S6814A (ACTIVE) - Bill Details

See Assembly Version of this Bill:
A9916A
Current Committee:
Senate Rules
Law Section:
Family Court Act
Laws Affected:
Amd §§783 & 784, Fam Ct Act

S6814A (ACTIVE) - Bill Texts

view summary

Relates to the sealing and expungement of records in persons in need of supervision cases in family court.

view sponsor memo
BILL NUMBER:S6814A

TITLE OF BILL: An act to amend the family court act, in relation to
sealing and expungement of records in persons in need of supervision
cases in the family court

This is one in a series of measures being introduced at the request of
the Chief Administrative Judge upon the recommendation of her Family
Court Advisory and Rules Committee.

When Article 3 of the Family Court Act, the juvenile delinquency
procedure statute, was enacted over three decades ago (L. 1982, c.
920), applicable provisions of the Criminal Procedure Law (CPL) deemed
essential for due process and fairness were incorporated into its
text. However, similar provisions were not introduced in the remaining
provisions of Article 7 of the Family Court Act, which from that point
onward applied only to Persons in Need of Supervision (PINS) cases.
One of the most glaring omissions is the provision regarding
confidentiality of records. Article 3, modeled after CPL 160.50, has
afforded youth who are accused of juvenile delinquency, like adults
accused of crimes, far more protections than those who are the
subjects of PINS proceedings.

Professor Merril Sobie noted this disparity in his Practice
Commentaries to Family Court Act § 751:

(Family Court Act) Article 7, unlike Article 3 (the juvenile
delinquency statute), does not provide for the automatic sealing of
records when a petition is dismissed or withdrawn (see Section 375.1).
Hence, the records remain relatively open, subject only to the
generalized, imprecise (Family Court Act) Section 166 stipulation that
"(t)he records of any proceeding in the family court shall not be open
to indiscriminate public inspection". Ironically, children who are
falsely accused of non-criminal "status offense" conduct are afforded
less protection than youths who are accused of engaging in criminal
activities.

We submit this measure to correct that imbalance. First, closely
tracking section 375.1 of the Family Court Act and CPL 160.50, the
measure would amend section 783 of the Family Court Act to provide
that court records in actions terminated favorably for the accused -
that is, cases that had been adjusted (diverted without petition),
withdrawn or dismissed -- would automatically be sealed. Notices would
be required to be sent to probation departments, designated lead
agencies for PINS diversion and, if presentment or law enforcement
agencies have been involved, to such agencies, directing them to seal
their records as well. The juveniles' attorneys would be required to
be notified that the directives had been sent. Youth whose cases had
been favorably terminated prior to the effective date of the statute
would be permitted to move for sealing upon twenty days' notice.

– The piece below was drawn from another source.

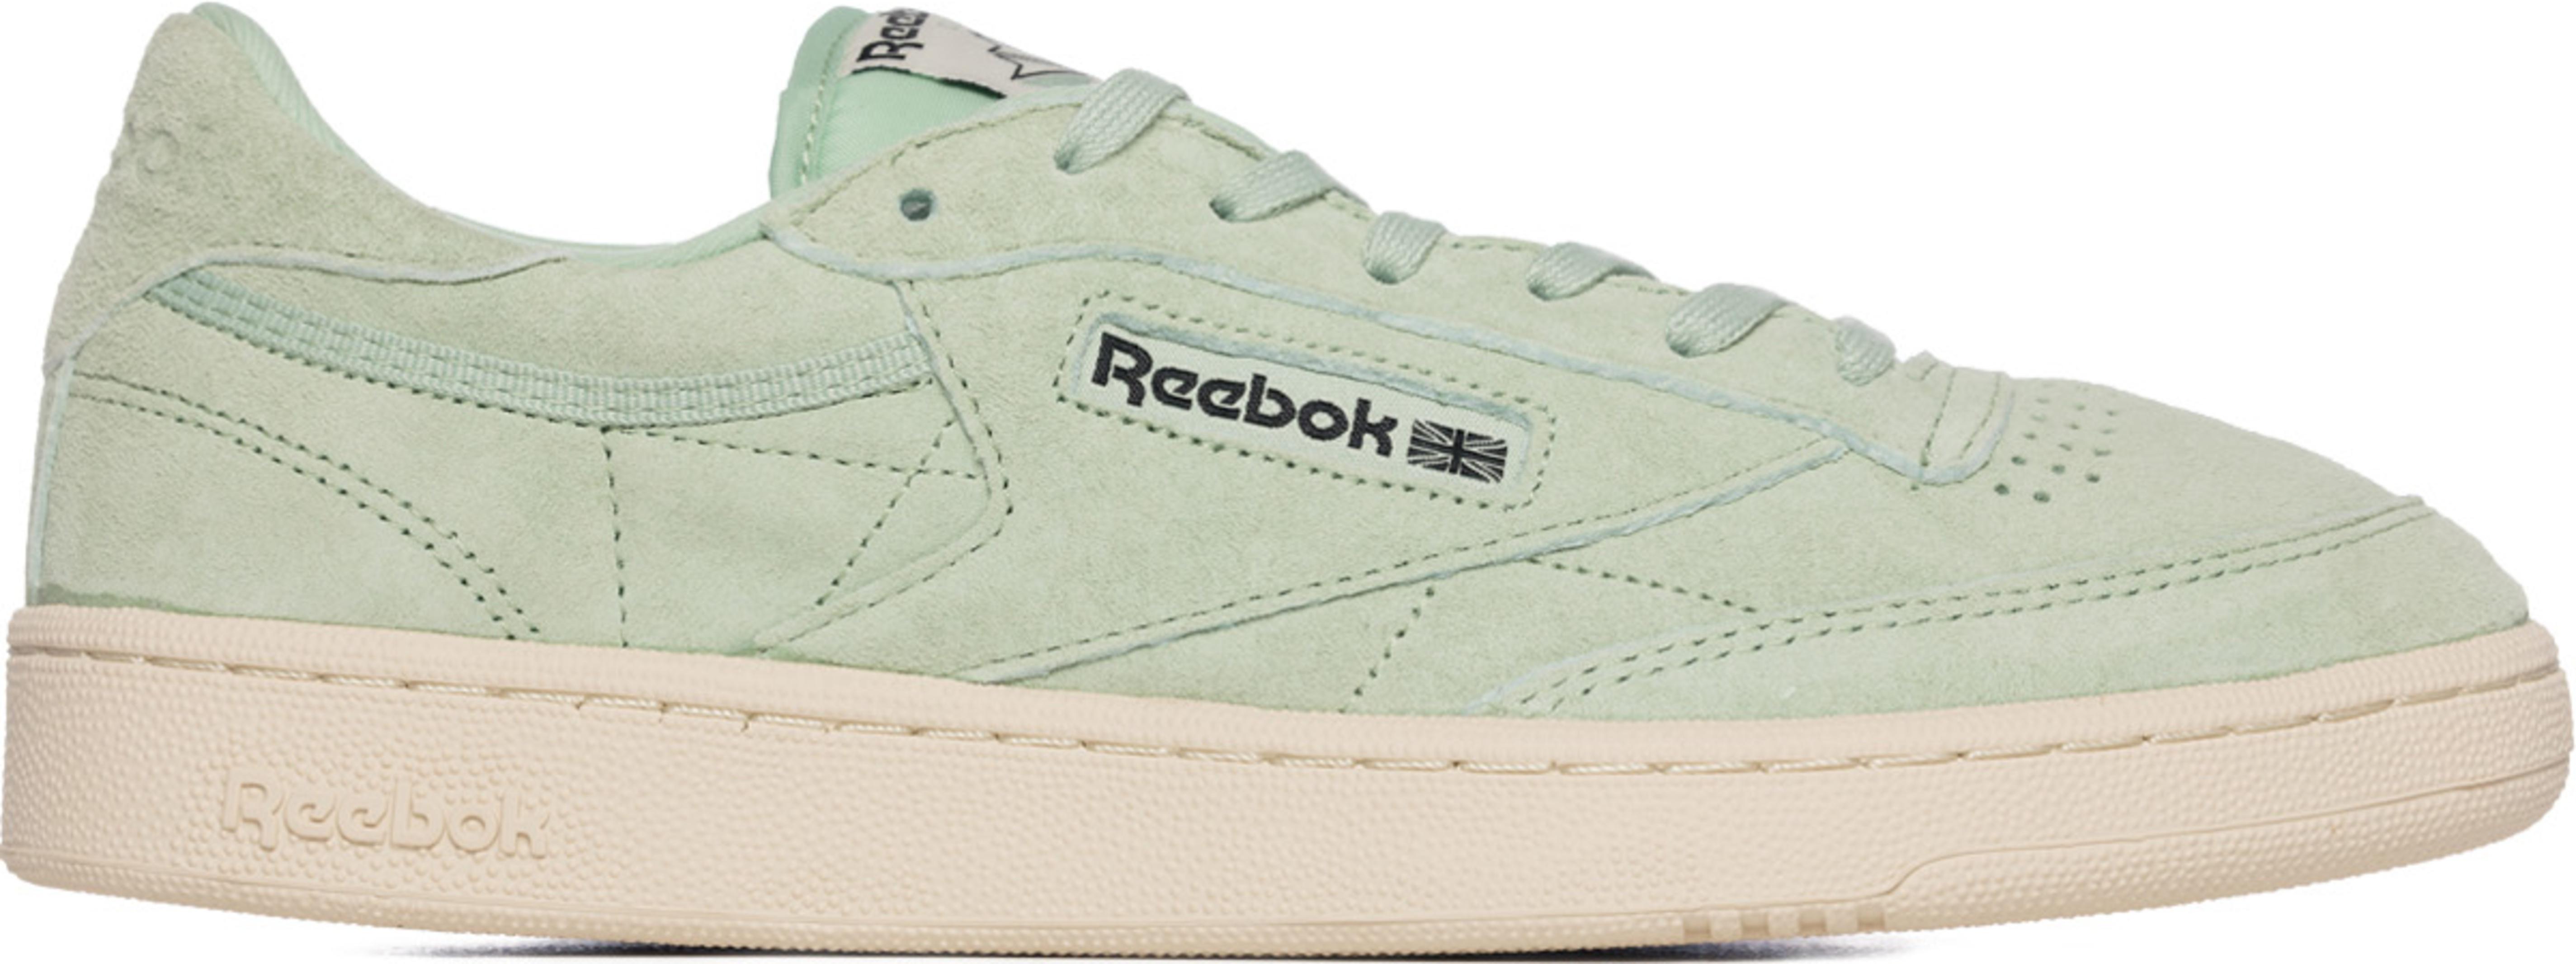 hot sale online 120bb 4160f Reebok - Reebok Club C85 Pastels - Sage Mist/Paper White
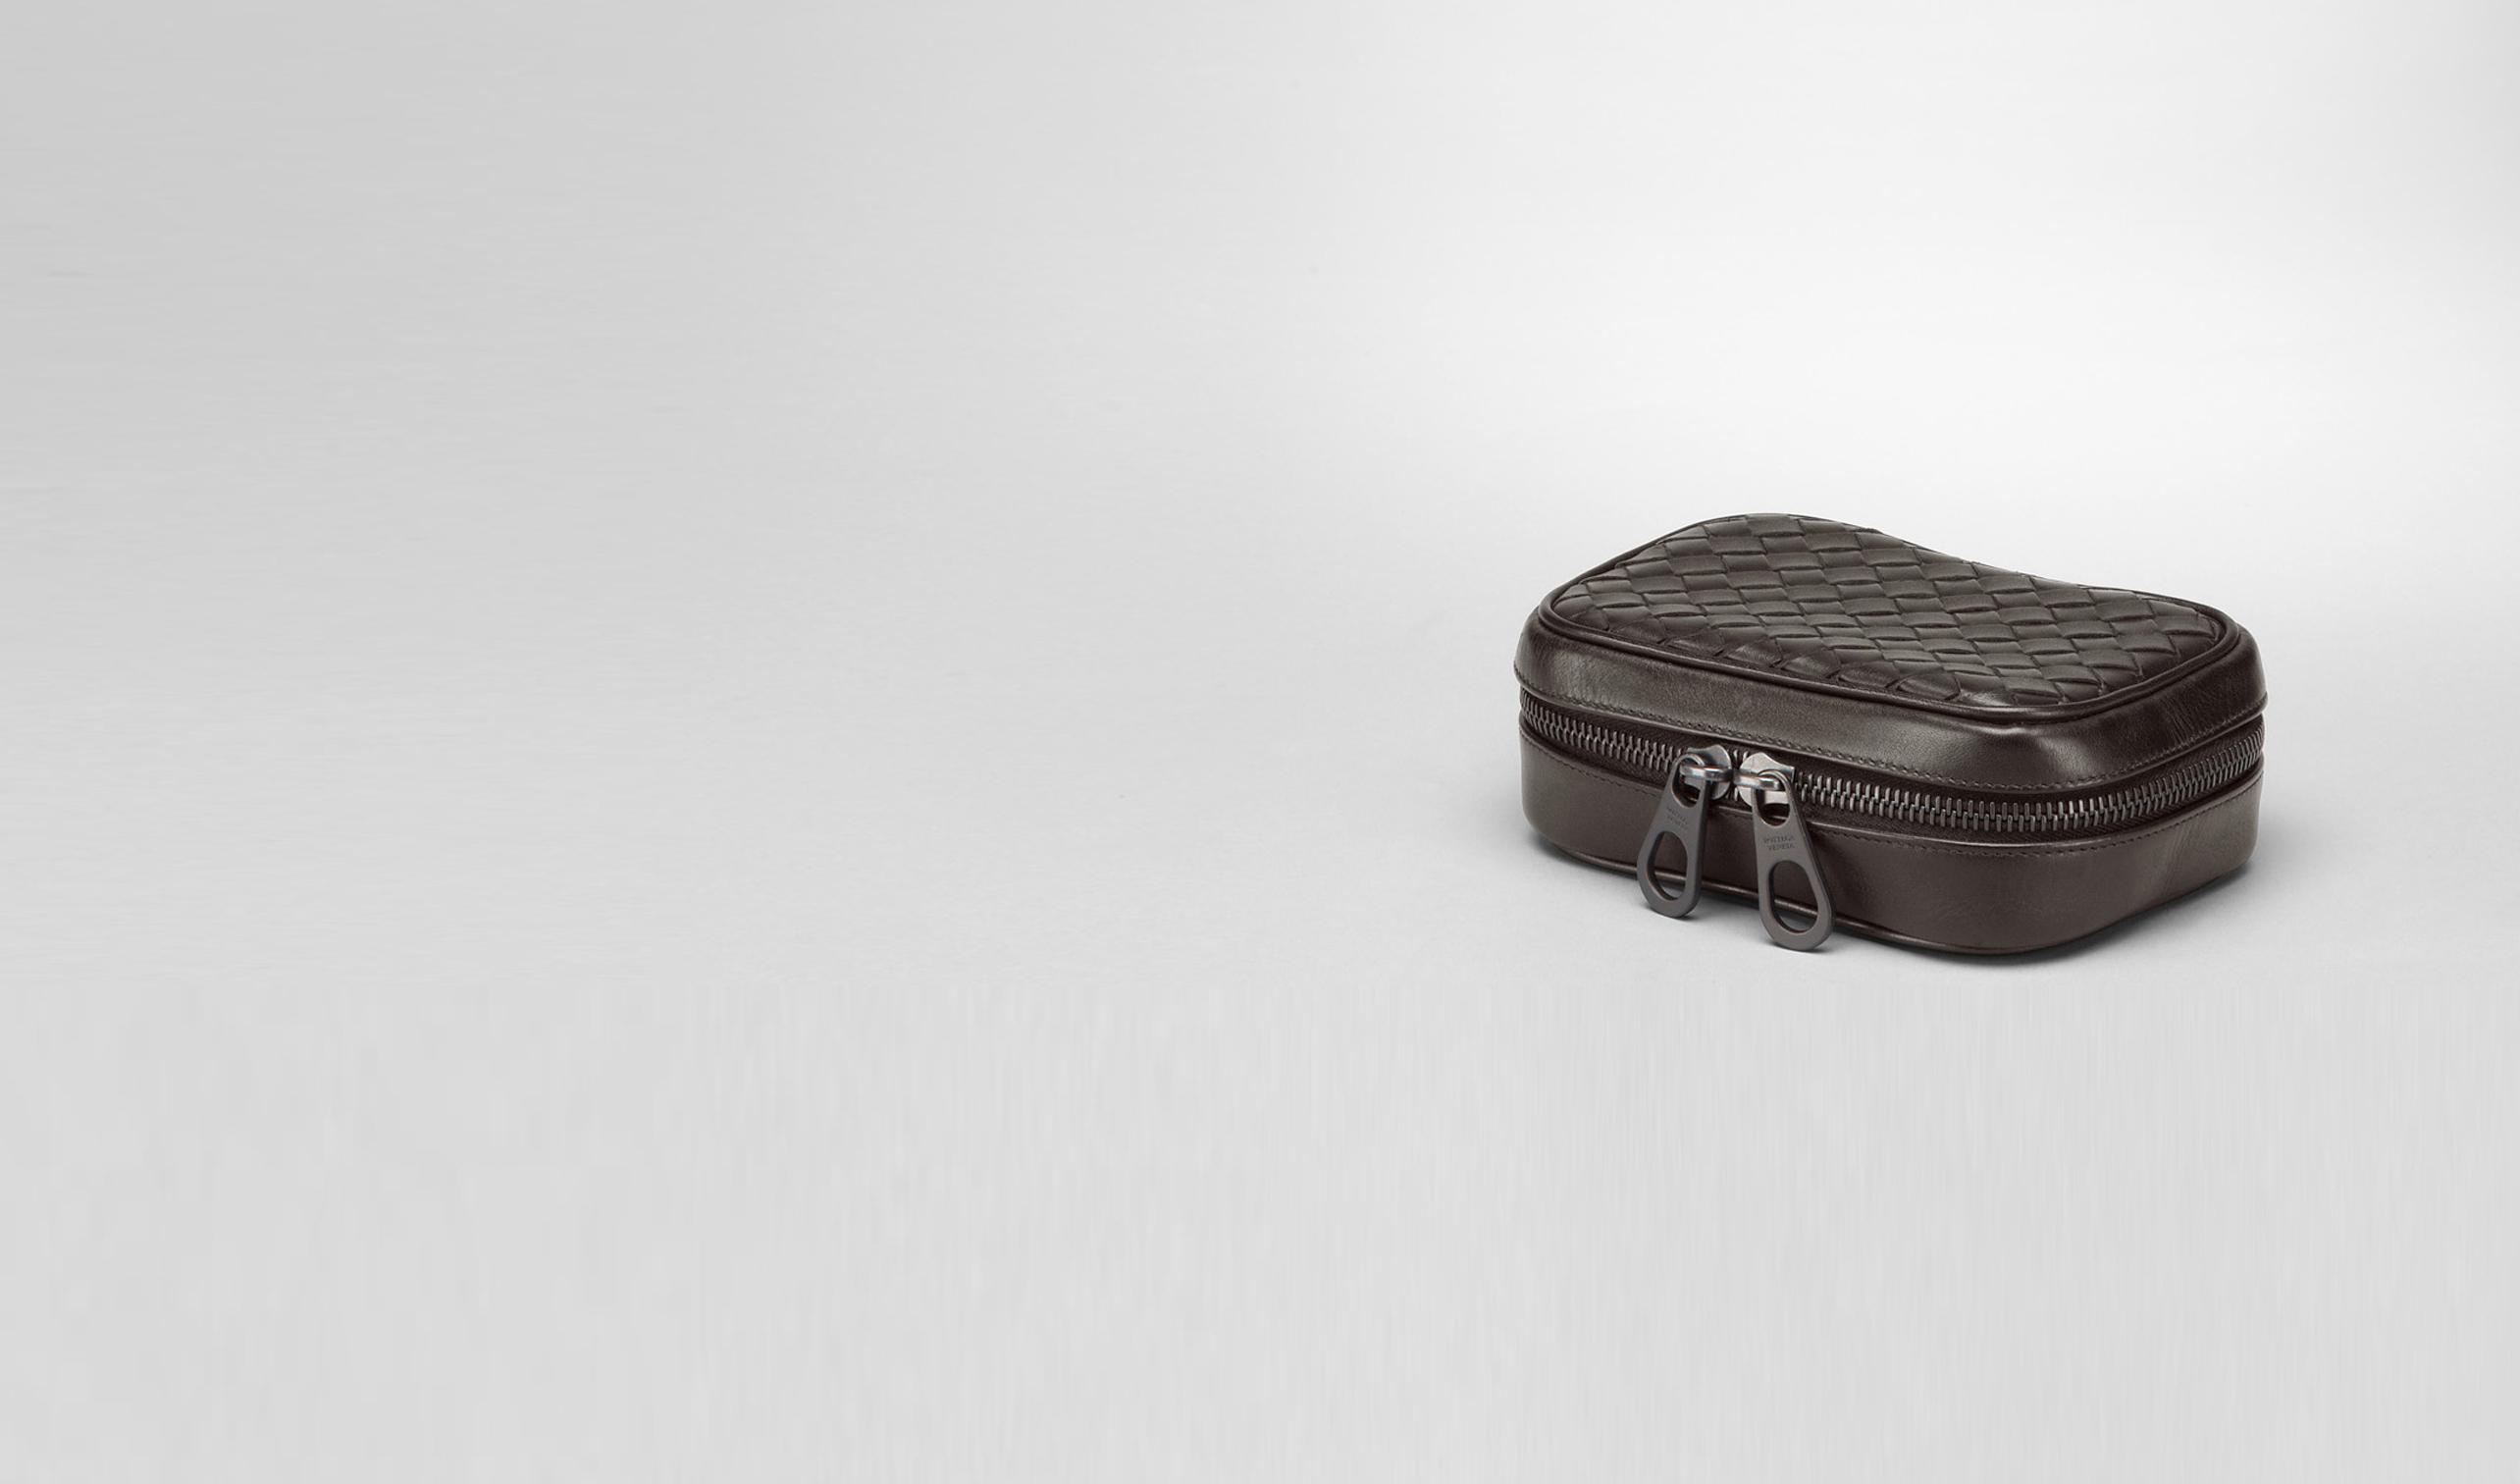 BOTTEGA VENETA Other Leather Accessory U Ebano Intrecciato VN Cufflink Case pl

Second, in cases in which a juvenile has been adjudicated as a PINS,
the juvenile would be permitted to make a motion for sealing of the
record in the interests of justice. If granted, notices would likewise
be sent to the agencies involved in the case to seal their records. As
in section 375.3 of the Family Court Act, Family Court would retain
its inherent authority to expunge, rather than simply seal, its


records. See Matter of Dorothy D. v. New York City Probation
Department, 49 N.Y.2d 212 (1980)(juvenile delinquency); Matter of
Richard S. v. City of New York, 32 N.Y.2d 592 (1973)(PINS); Matter of
Daniel PP., 224 A.D.2d 906 (3d Dept., 1996)(PINS). As the Court of
Appeals held in Matter of Dorothy D., supra:

That the very existence of such records, despite provisions for
confidentiality, may constitute a substantial impediment to entry into
institutions of higher learning, government or private employment, the
armed services, or the professions, cannot be seriously questioned.
For this reason it would be antithetical to the purpose of the Family
Court Act to maintain records which would not benefit society and
would result in bringing unwarranted discrimination to a child's
future. (Matter of Richard S. v. City of New York, 32 N.Y.2d 592,
595-596, 347 N.Y.S.2d 54, 56, 300 N.E.2d 426, 427).

Many states, in fact, include expungement, not simply sealing, as
their mechanism for ensuring the confidentiality of juvenile records.
See, e.g., West's Colorado Revised Statutes § 19-1-306; Illinois
Compiled Statutes § 405/5-915 (juvenile delinquency) and § 405/1-9
(juvenile court records other than juvenile delinquency); Ohio Revised
Code §§ 2151.355, 2151.356, 2151.358 (juvenile delinquency and "unruly
children" records); Revised Code of Washington § 13.50.050; Delaware
Code §§ 1014-1018; North Carolina General Statutes §§ 7B3200, 3201
(juvenile delinquency and "undisciplined" children); Arizona Revised
Statutes § 13-921; Arkansas Code § 9-27-309(b)(1)(A), (b)(2); West's
California Code, Div. 2, C. 2, Art. 22, § 826(a)); Connecticut General
Statutes §§ 46b-133a,46b-146; West's Florida Statutes § 943.0582;
Minnesota Statutes § 260B.235(9)); Pennsylvania Consolidated Statutes
§ 9123); West's Code of Virginia § 16-1-306).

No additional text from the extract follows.